Consider the way in which courts in the Liebers’ time entertained claims arising out of the war. A decade before the conflict, in the case of Mitchell v. Harmony, Chief Justice Taney had held that “[nothing] short of an immediate and impending danger from the public enemy or an urgent necessity for the public service can justify the taking of private property by a military commander.”Footnote 186 In the aftermath of the war, an avalanche of cases tested Taney's standard in places where Union troops had lived and found the need for supplies. In Kentucky, the Court of Appeals reversed a judgment for Union soldiers who had been ordered to consume a civilian's store of corn and hay, holding that while “necessity could have excused the forcible use of the appellant's private property, the record in this case discloses no such necessity.”Footnote 187 The Supreme Courts of Georgia and North Carolina affirmed judgments for owners of horses taken by Union soldiers without proper showing of necessity.Footnote 188
Such cases restated a commonplace about public officials’ accountability in the era before the twentieth century. Executive officials who overstepped the bounds of necessity were subject to judicial review.

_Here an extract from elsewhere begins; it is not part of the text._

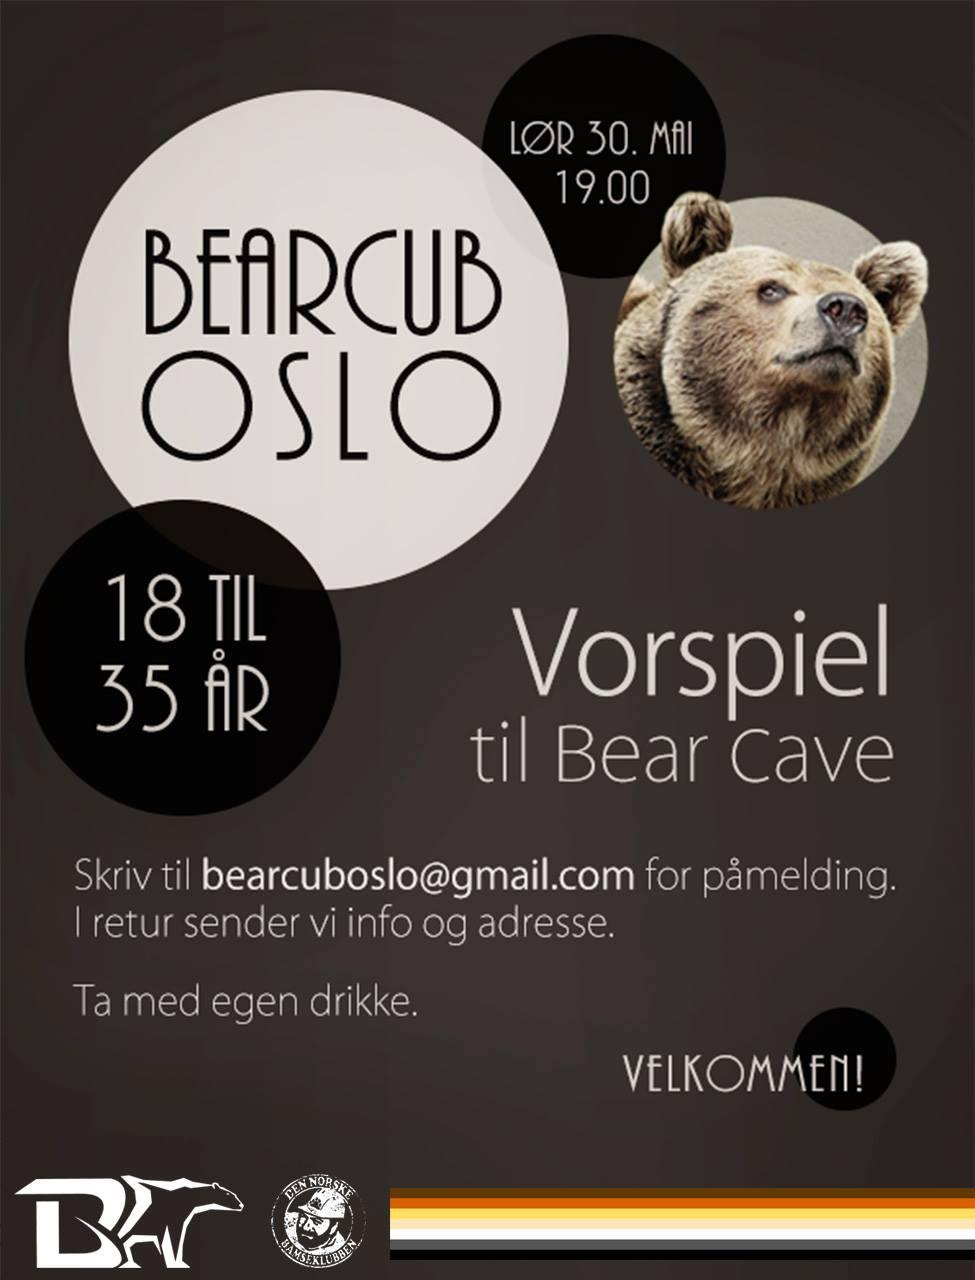 BearCub BearCave vorspiel

As the Liebers had put it, an act afterward deemed unnecessary from the perspective of a reasonable citizen became unlawful, with all the attendant consequences.Footnote 189
Military officers who were found liable despite acting under orders or in good faith fulfillment of their duties were not necessarily left in the difficult position of paying for their patriotism. This was because Congress regularly passed special private acts to indemnify such officers. The Mitchell Court anticipated this practice, stating, “it is not for the court to say what protection or indemnity is due from the public to an officer who [has] trespassed on private rights. That question belongs to the political department of the government.”Footnote 190 Indeed, after Mitchell itself, Congress passed an act to “liquidate and satisfy” the judgment against the officer.Footnote 191 The key point here is that Congress's ability to indemnify officers on a case-by-case basis did not undo ex post facto review of acts said to have been warranted by the principle of necessity. Instead, indemnification gave both the courts and Congress shared responsibility in determining the propriety of the executive acts in any given emergency setting.
A similar regime existed in the law of war at sea. Federal courts sitting as prize courts adjudicated the lawfulness of naval vessels’ captures on the high seas. During the Civil War, the Supreme Court carved out new authority for the Union navy. But that did not prevent courts from ruling against naval officers in any number of cases during the period.Footnote 192
The Liebers’ account of emergency measures during the Civil War and its aftermath arose out of the world in which such cases reviewing the use of force were standard operating procedure. The Liebers were thus able to propound a fierce executive emergency power appropriate for the emergency at hand, while nonetheless insisting on actually existing and institutionally enforceable limits.Footnote 193 Their standard of reasonableness invited courts to participate in the elaboration of those limits, but to do so in a way that respected the role of the executive in responding to the crisis of the moment. It was a vision informed simultaneously by an acute awareness of the gains achieved by executive power during the Civil War, and of the importance and the inevitability of limits.